PedroMarkovicz/Gaia_Agent_HF_Course

Repository files navigation

🤖 GAIA Agent - Advanced AI Problem Solver

Version 1.0 | GAIA Benchmark - Level 1 Questions

Welcome to my final hands-on project for the Hugging Face Agent Course!

In this project, I designed my first AI agent, capable of solving complex, multi-step problems using advanced reasoning, tool orchestration, and natural language understanding.

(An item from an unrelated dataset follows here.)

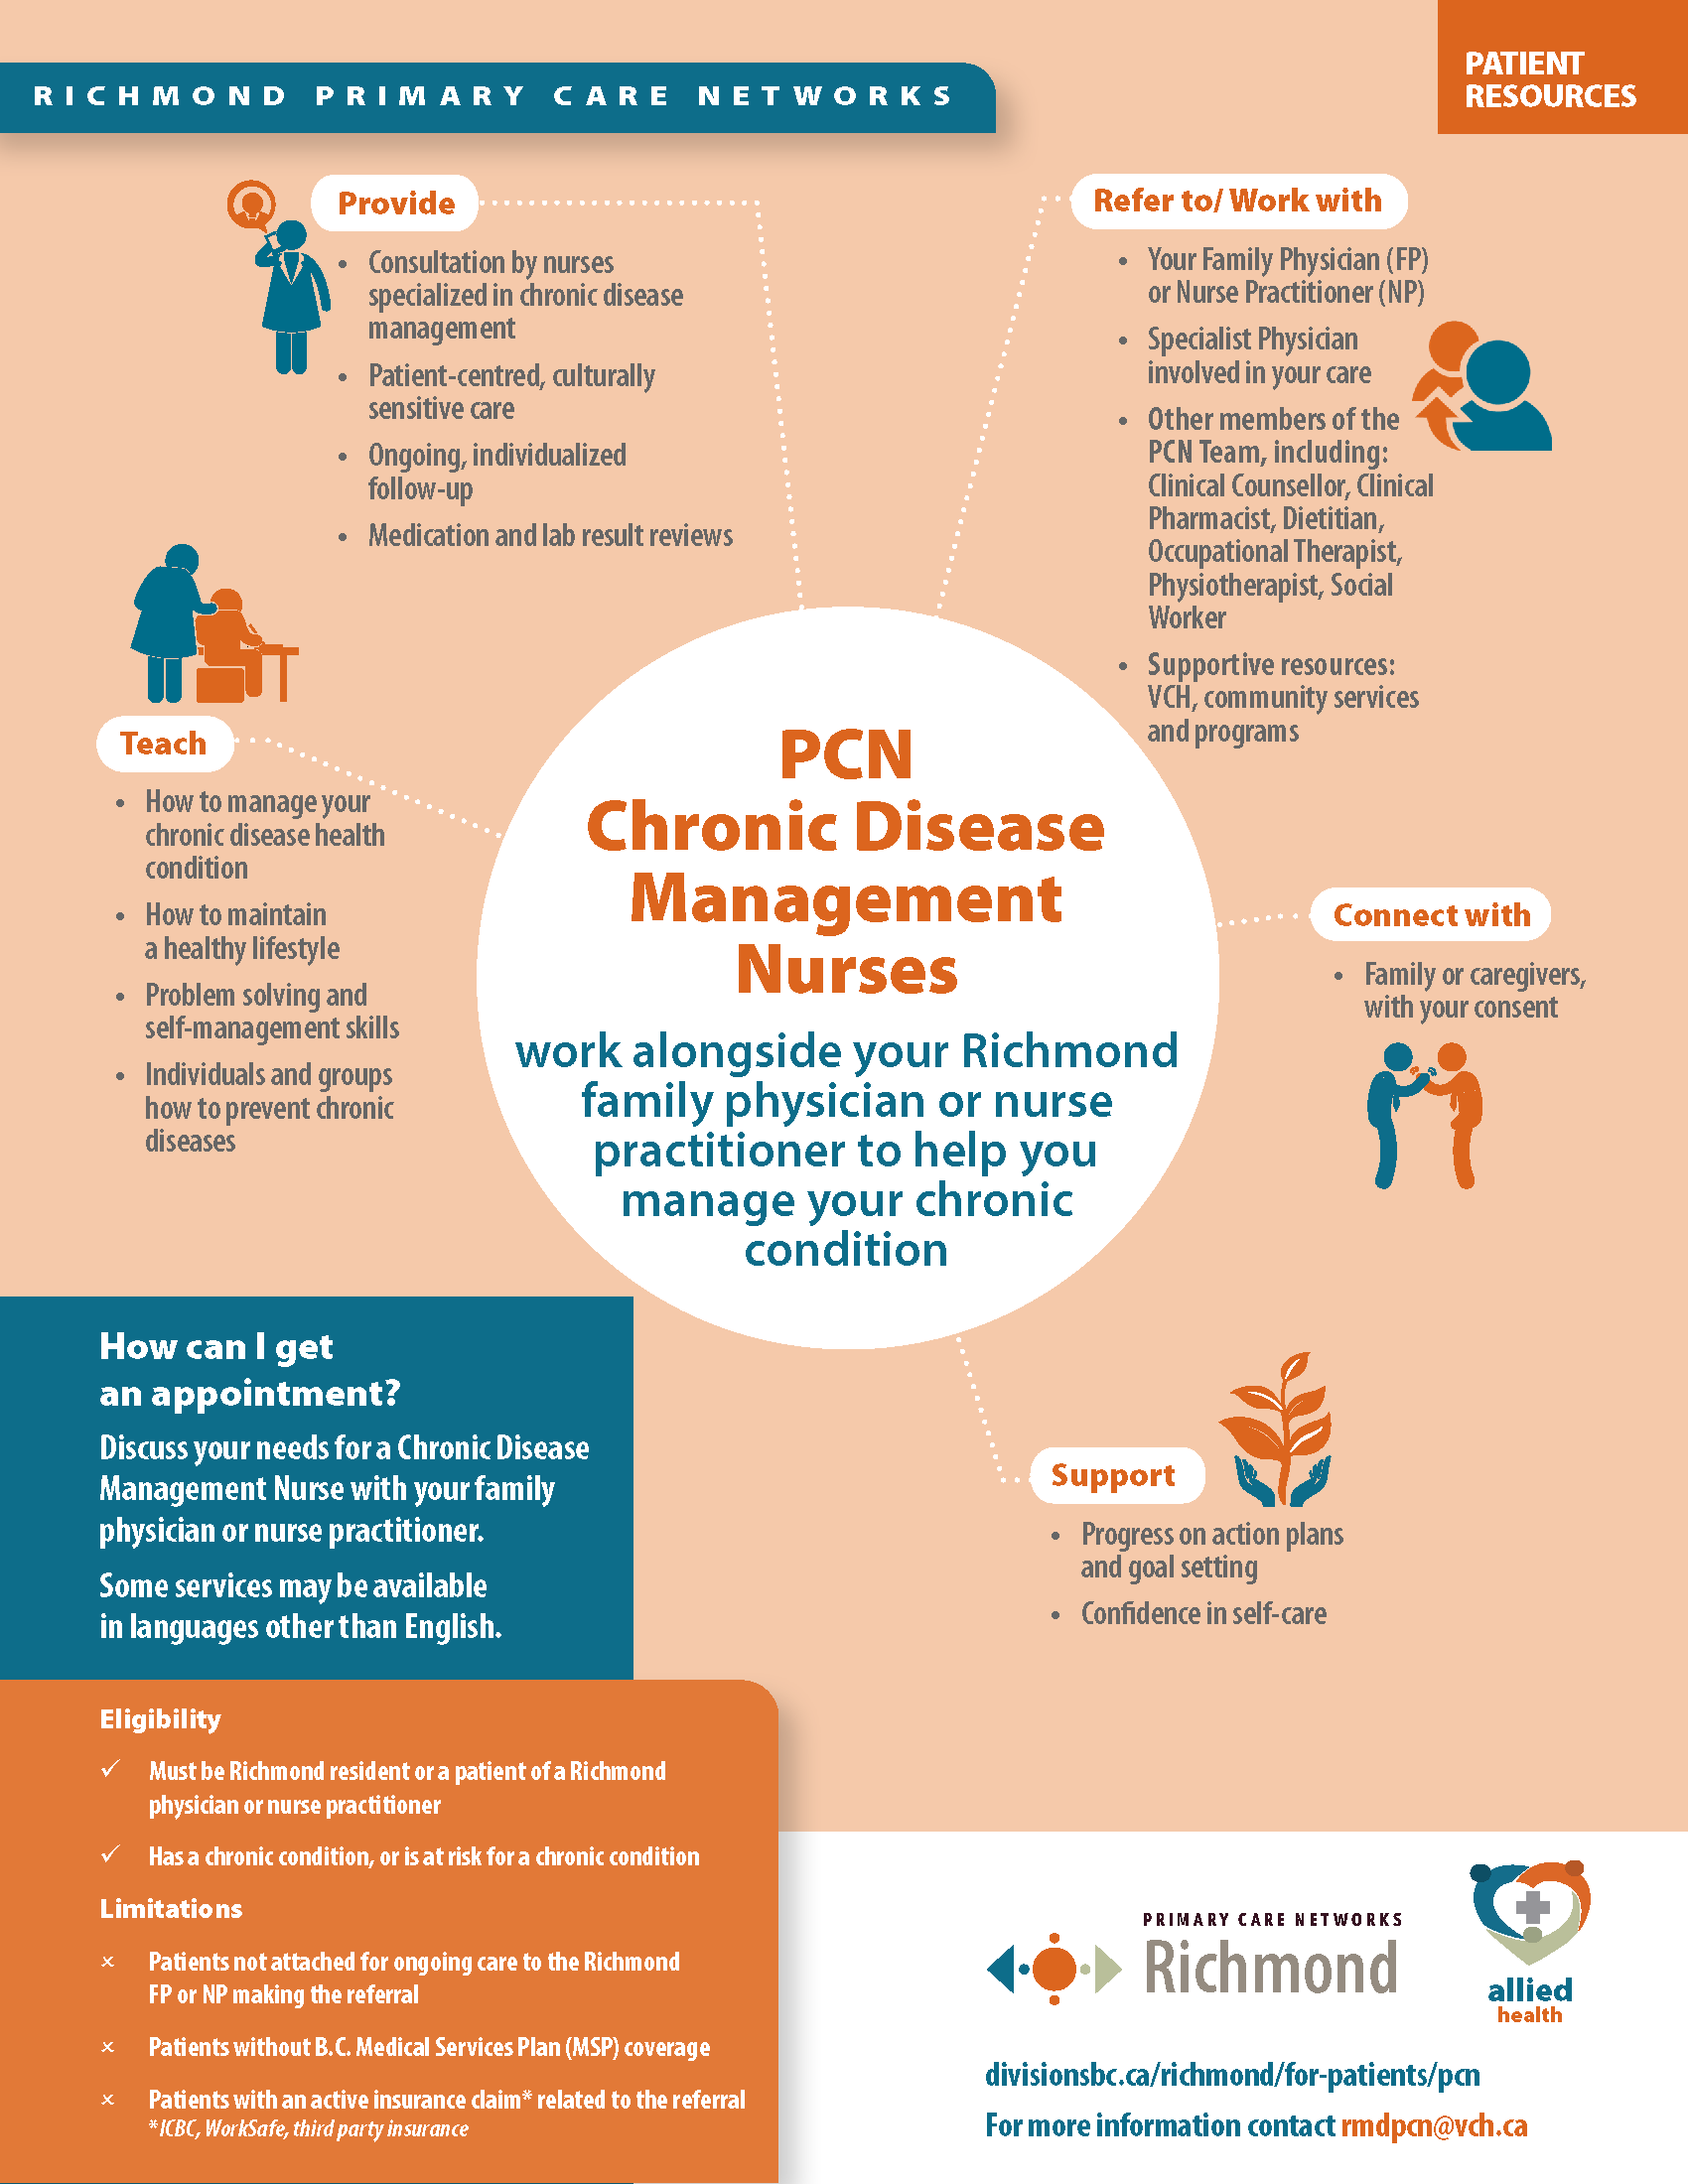 PCN Chronic Disease Management Nurses - overview (patient handout).png

The agent is specifically built to be evaluated on a subset of Level 1 questions from the GAIA benchmark, a framework designed to test and measure AI agents' reasoning and tool-using capabilities.

The entire system is wrapped in a Gradio-based web interface, allowing users to run full evaluations and submit answers to a scoring service.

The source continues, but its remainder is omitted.